EXERCISE -> Restate the whole listing below word for word and keep the images out.

[SUPPLIED INFORMATION — start]

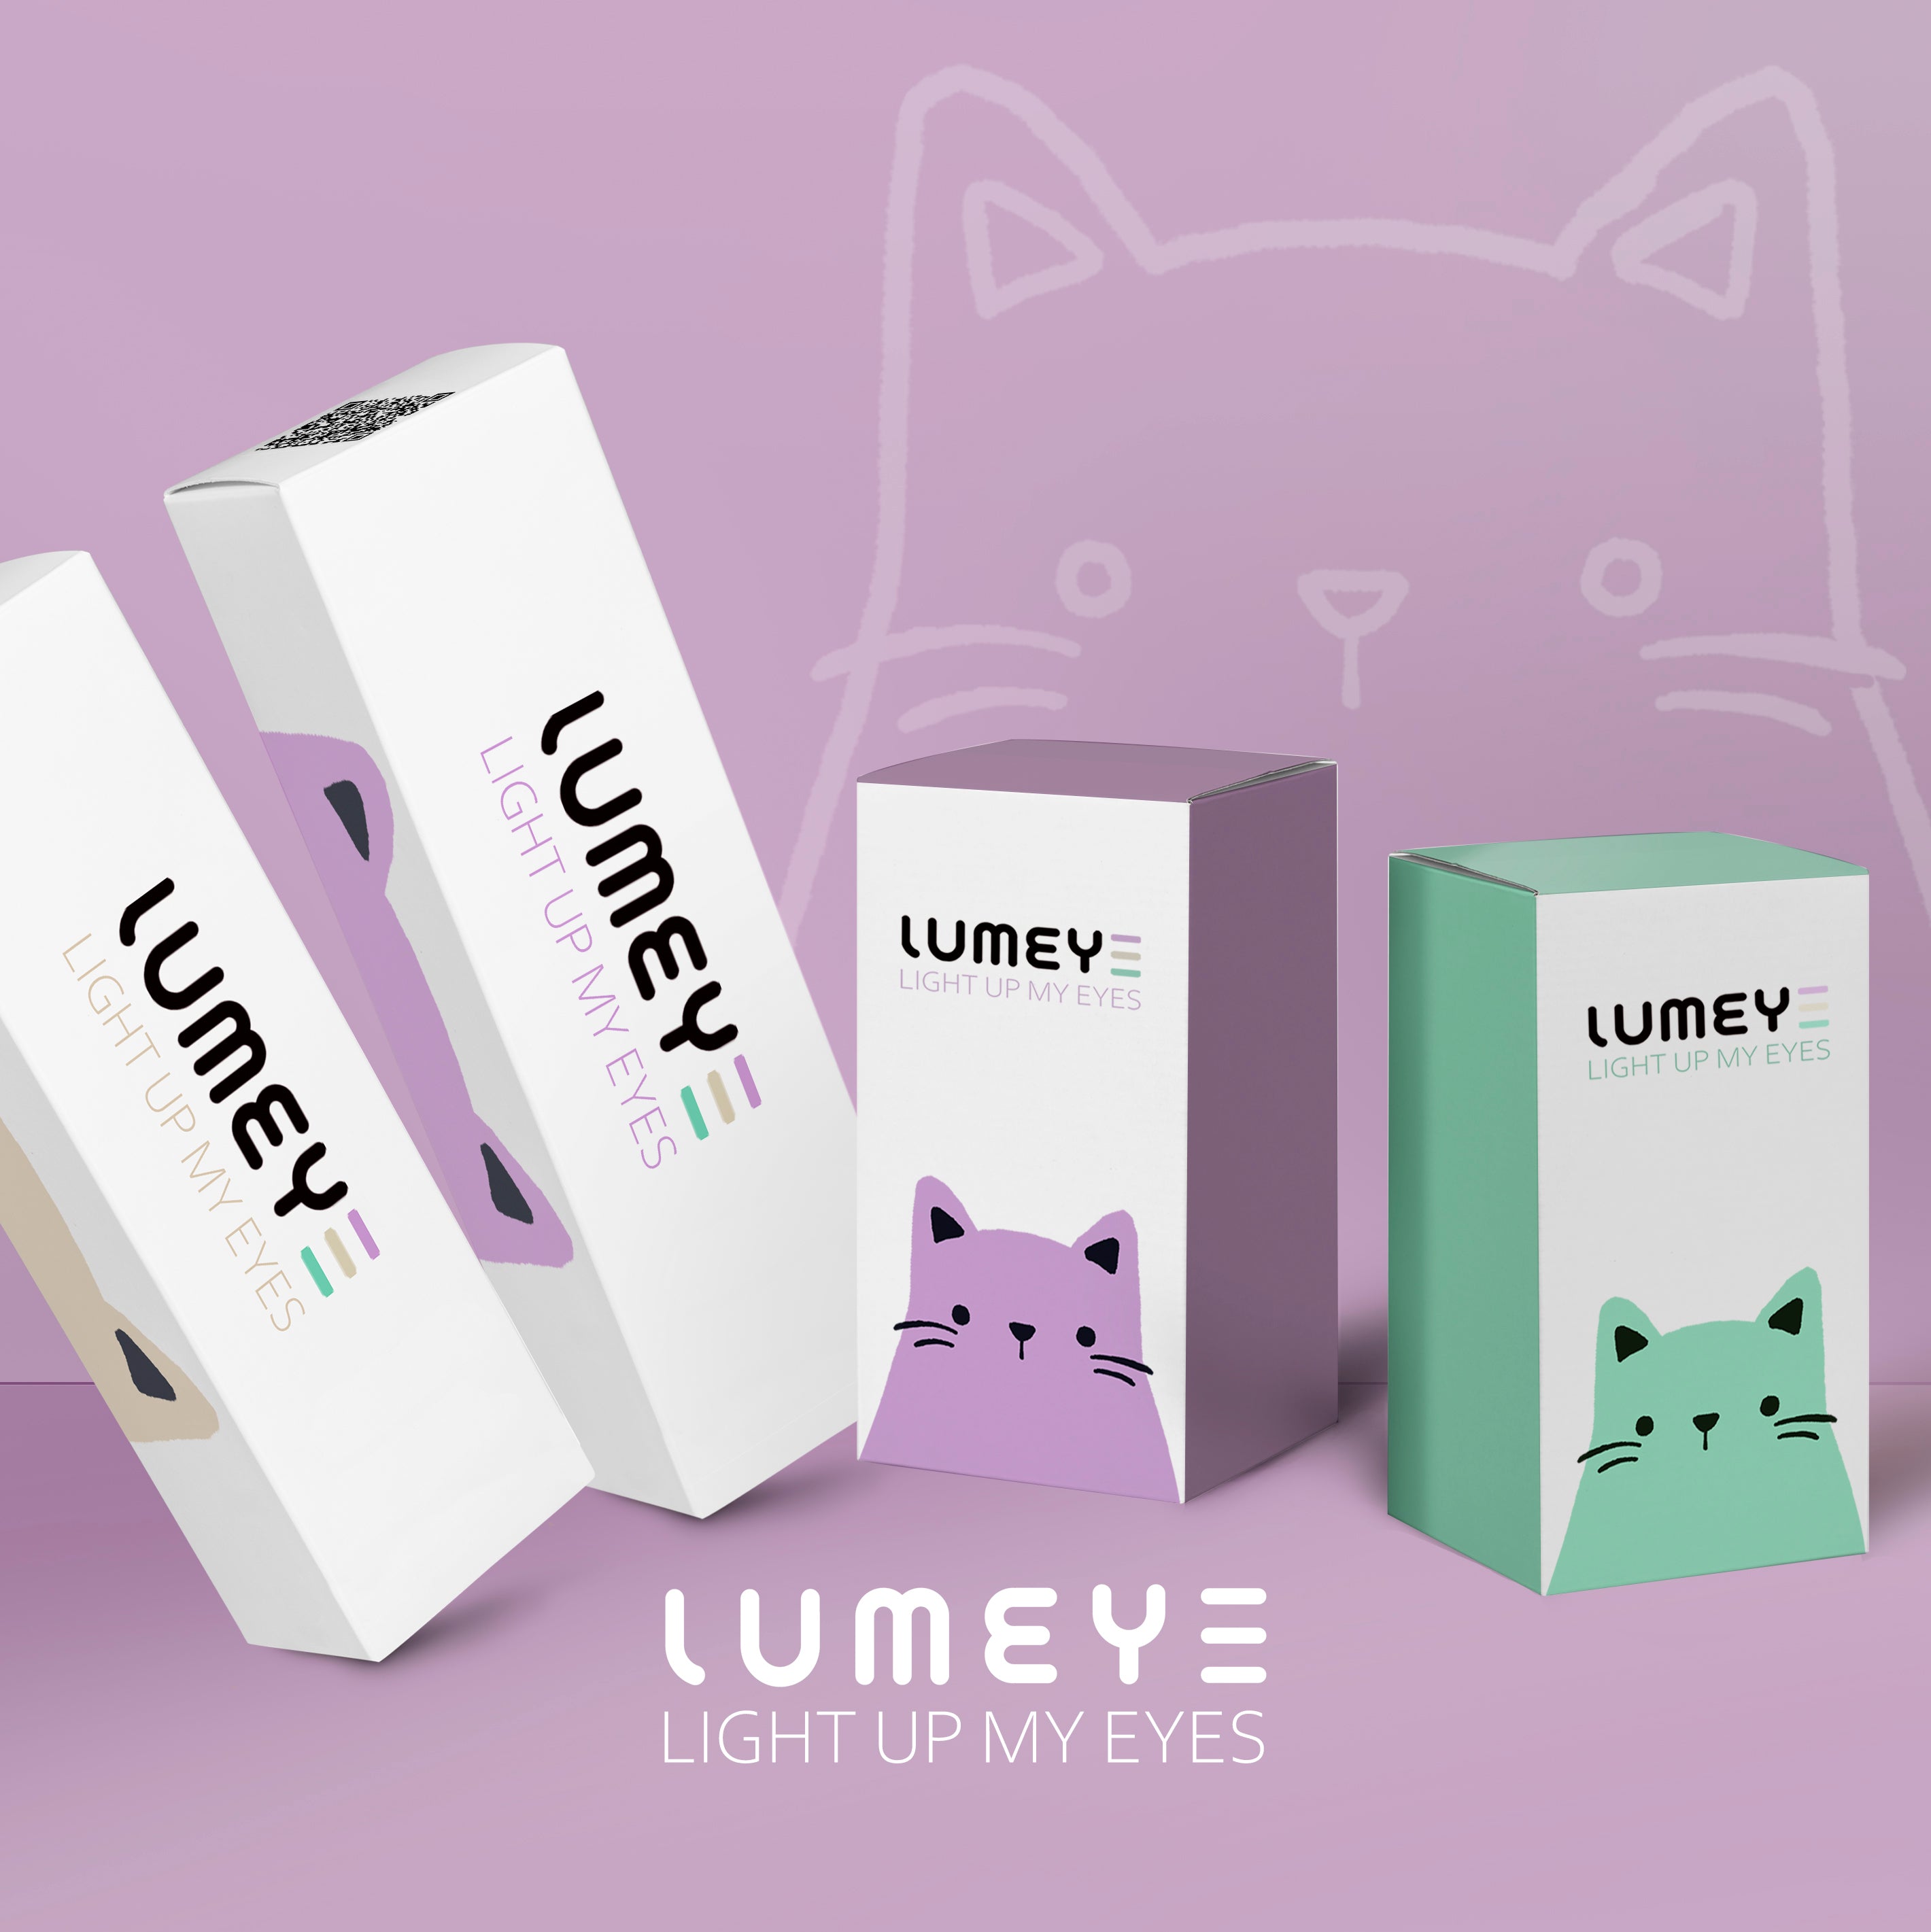 Best COLORED CONTACTS - LUMEYE Dawn Blue Colored Contact Lenses - LUMEYE
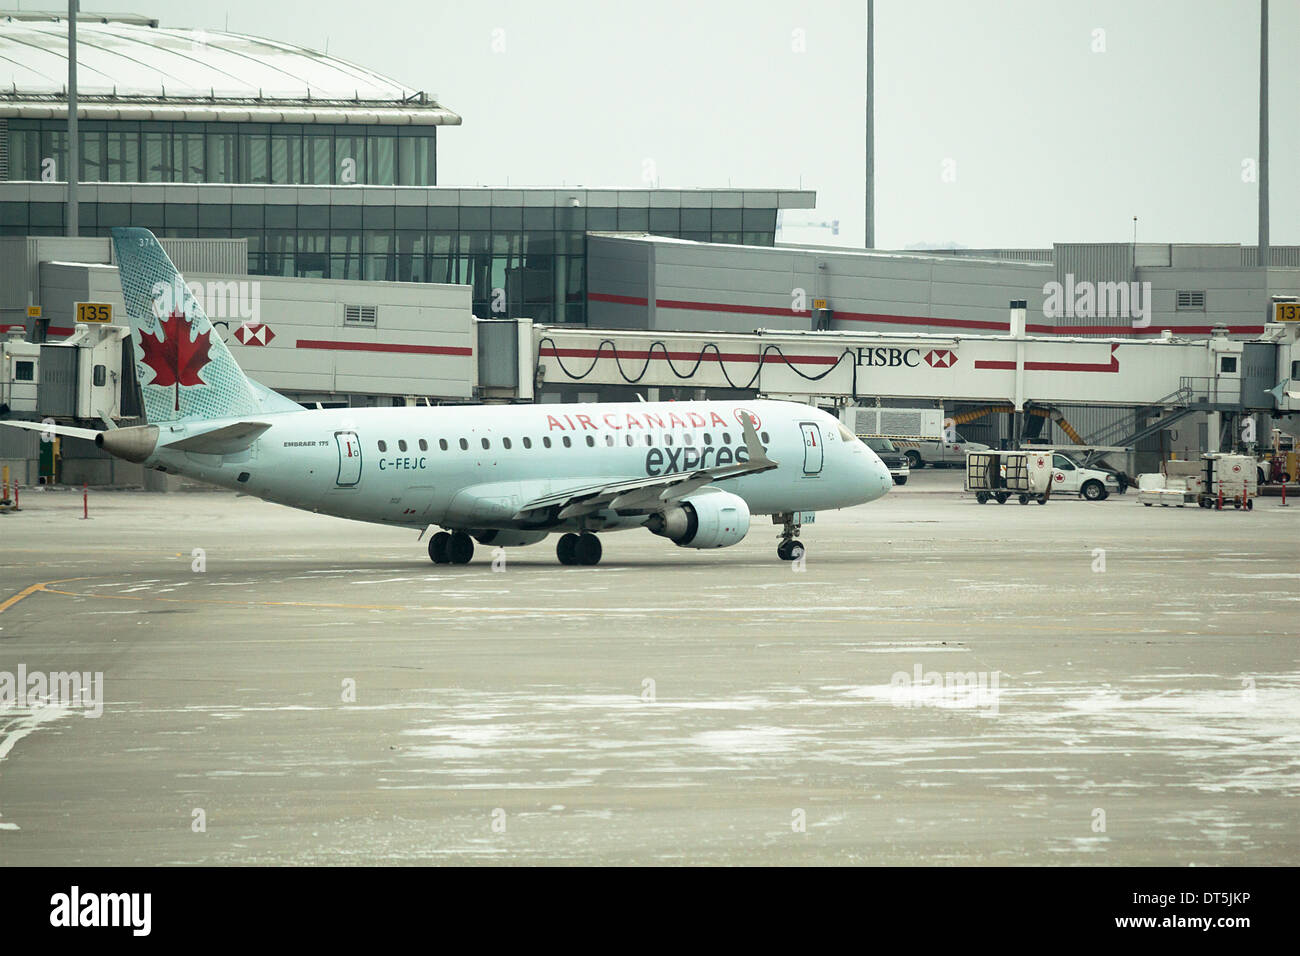 Air Canada Express Embraer 175 Jet on tarmac at Pearson International Airport Stock Photo
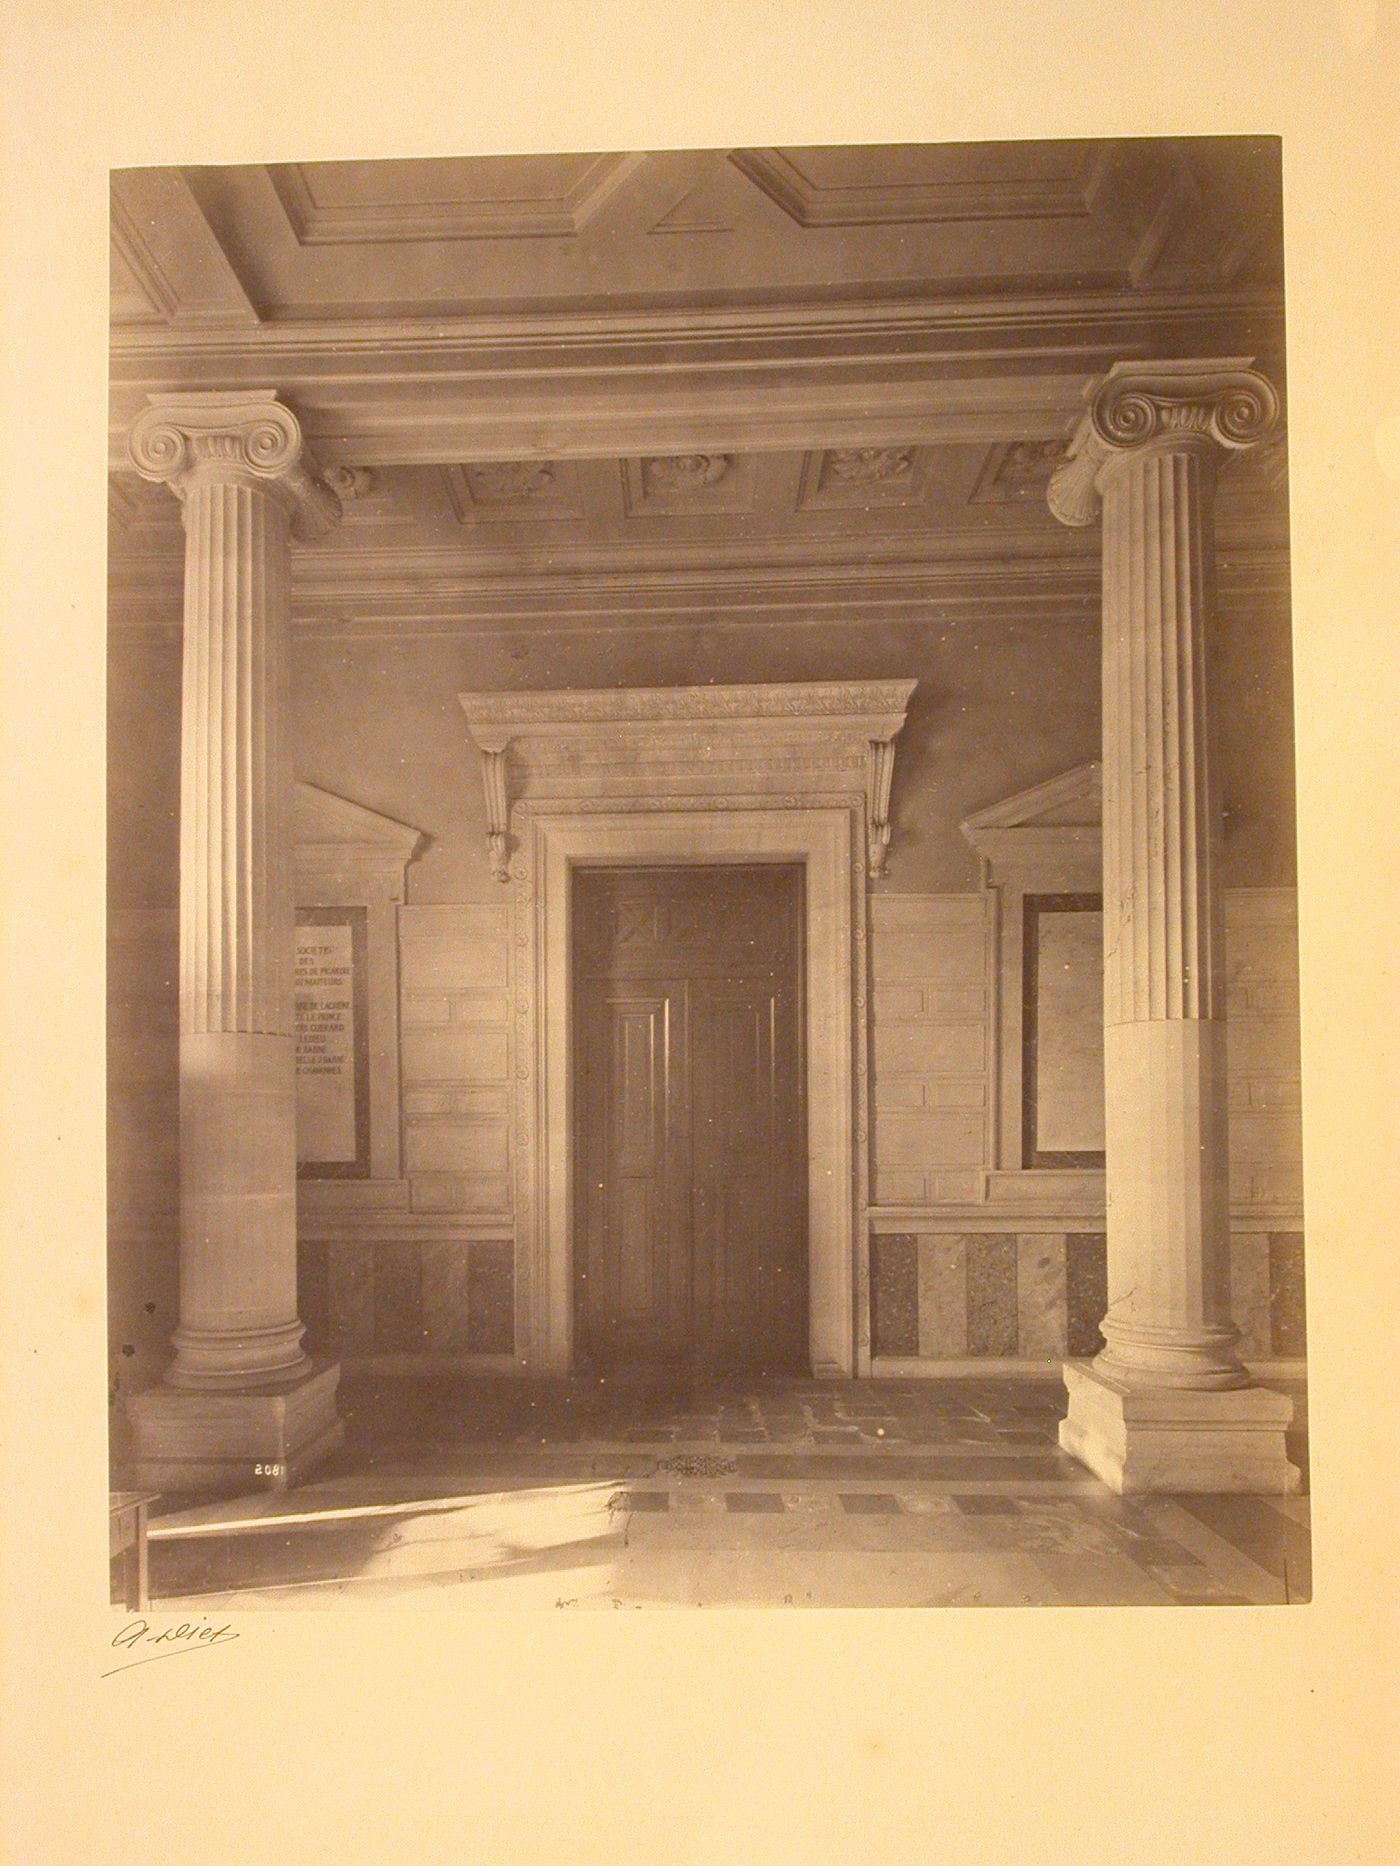 Musée d'Amiens: Lobby, view with column and door, Amiens, France

[SUPPLIED INFORMATION — finish]

ANSWER FOR THIS EXERCISE ->
 Best COLORED CONTACTS - LUMEYE Dawn Blue Colored Contact Lenses - LUMEYE
 Air Canada Express Embraer 175 Jet on tarmac at Pearson International Airport Stock Photo
 Musée d'Amiens: Lobby, view with column and door, Amiens, France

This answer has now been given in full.